I teach these subjects individually, by laying out the books on our weekly schedule on the table the night before. Each pupil get a stack of books by their seat to complete a certain amount of work in, the next day.
I go through the work to be done, with them, one by one. Then they work independently and can ask for help, when they get stuck.
The music in the background is not background music edited onto the movie later, but was played while we worked. We often chose to listen to music while we work, if everyone agree to the chosen music.
We all help each other and respect when someone finds something difficult.
On our current schedule (it often changes), we spend around 1-3 hours a day on these subjects 3 days of the week. Our goal is to complete the books we use and the additional tests, by 1st of April each year. We have reached our goal every year.
We have been working with physics and chemistry from a system called “Fysikemi” but they got boring when we got to book number 3 out of 6 books. Then we got a charge from the library for forgetting to bring back the books and decided to pay and give the books back for good.

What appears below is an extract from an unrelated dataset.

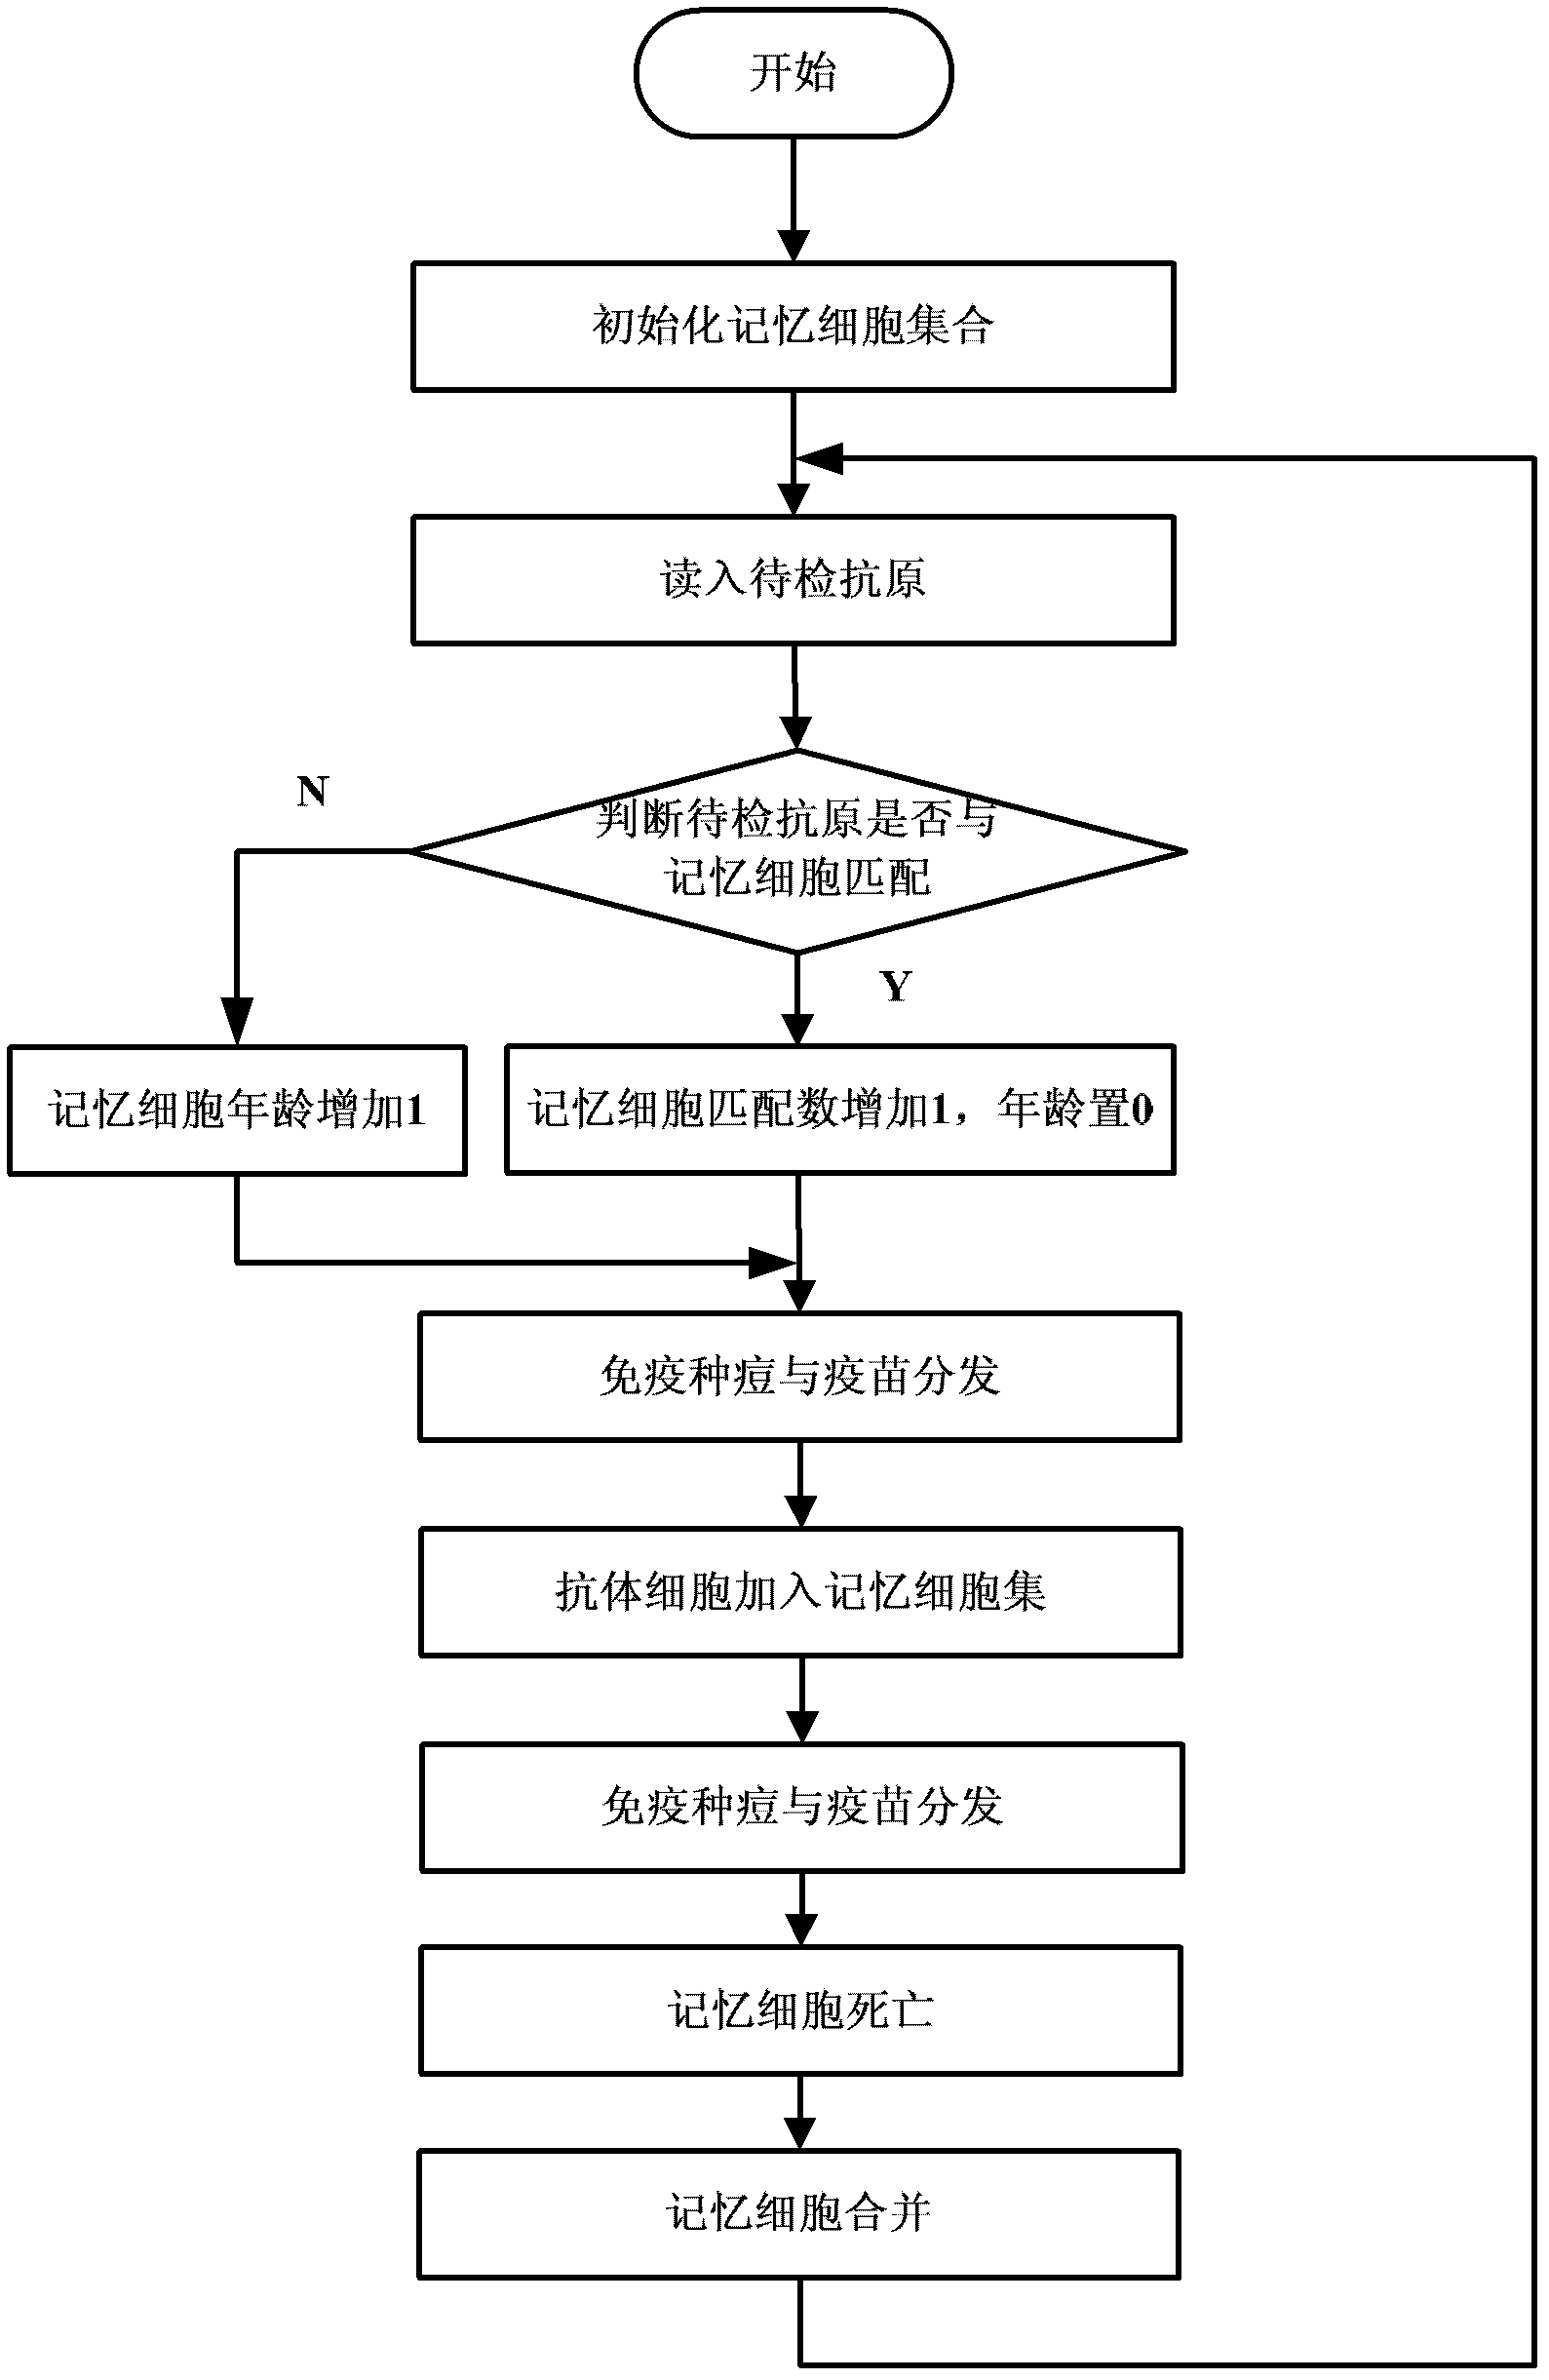 Method for dynamically detecting network anomaly in real time based on immunization

Then we could start over with inspirational materials. Our daughter chose to study DNA and RNA and make a presentation for the rest of us. She chose to work with biology instead of physics and chemistry today. That is the freedom you have when you are homeschooled. You can see it here:
We have struggled a bit with probability theory, and made this gadget to select random numbers. We then compared it to manual random numbers using dice. Then we entered it into a spreadsheet and analysed the data up against each other. One of our kids build the number selector with dad.